RPA in Pharma R&D

A new drug discovery and cost associated with the R&D is getting steeping high day by day. In addition to this all the regulatory requirements are getting stringent and pharmaceutical organizations are getting forced to evaluate and explore alternative processes, tools, technologies around clinical trial, drug discovery, reporting & compliance.

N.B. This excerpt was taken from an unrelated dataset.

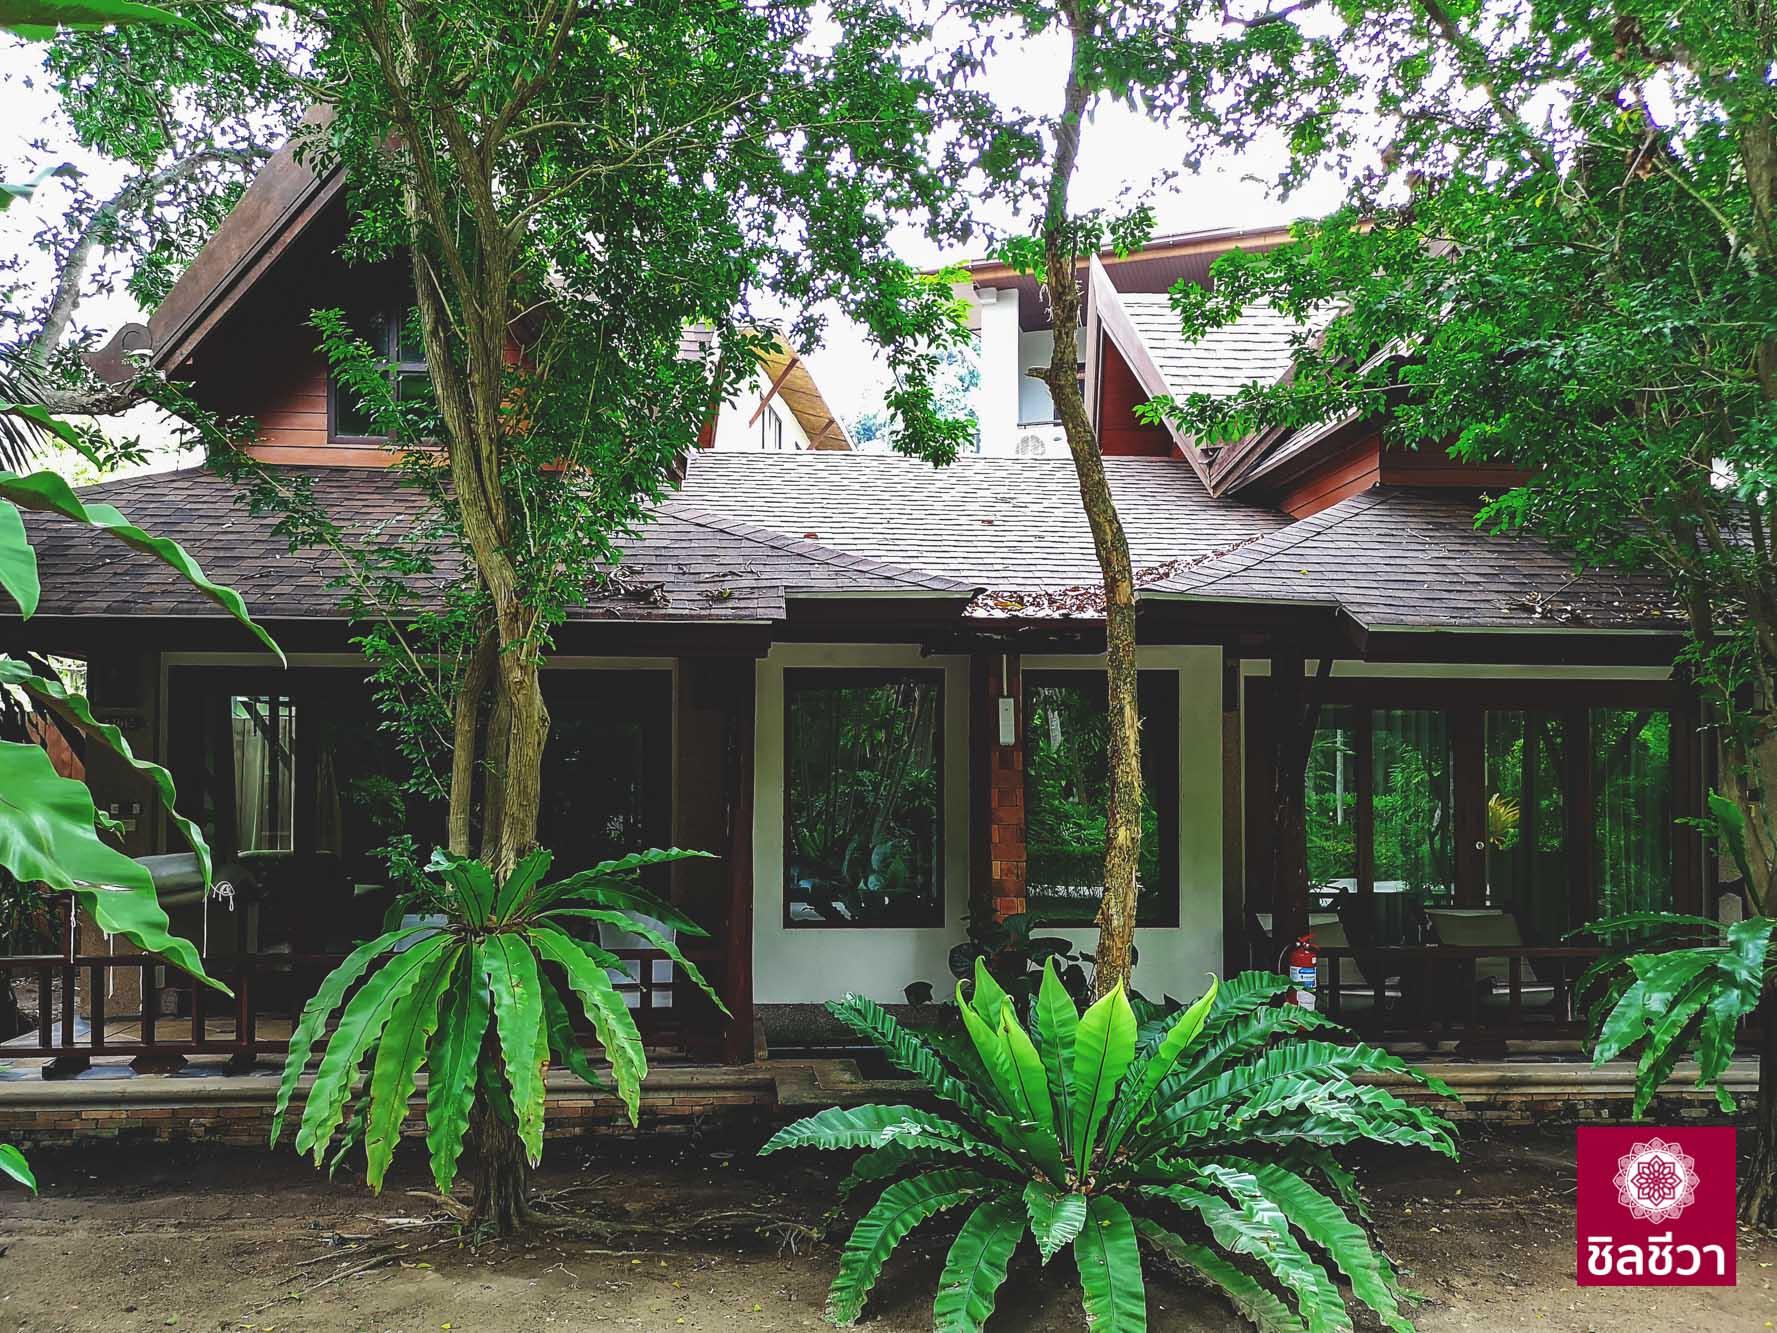 ซันไรท์ ทรอปิคอล รีสอร์ท (Sunrise Tropical Resort) ไร่เลย์ กระบี่  ซันไรท์ ทรอปิคอล รีสอร์ท รีสอร์ทงามๆ บนเกาะไร่เลย์ กระบี่ IMG 20181010 165854

Some of the biotechnology and pharma organization are bridging the gap by introducing BPO strategy in close conjunction with implementation of Robotic Process Automation (RPA). For some time, pharma companies have outsourced certain functions to Clinical Research Organizations (CROs) in efforts to extract move value from R&D investments. Though this initiative has its own benefits but also bring in challenges in terms of high cost of managing CRO relationships as they religiously follow business processes associated with clinical trials, clinical data management and pharmacovigilance, CROs apply standard and consistent rules to nearly every process associated with clinical research. 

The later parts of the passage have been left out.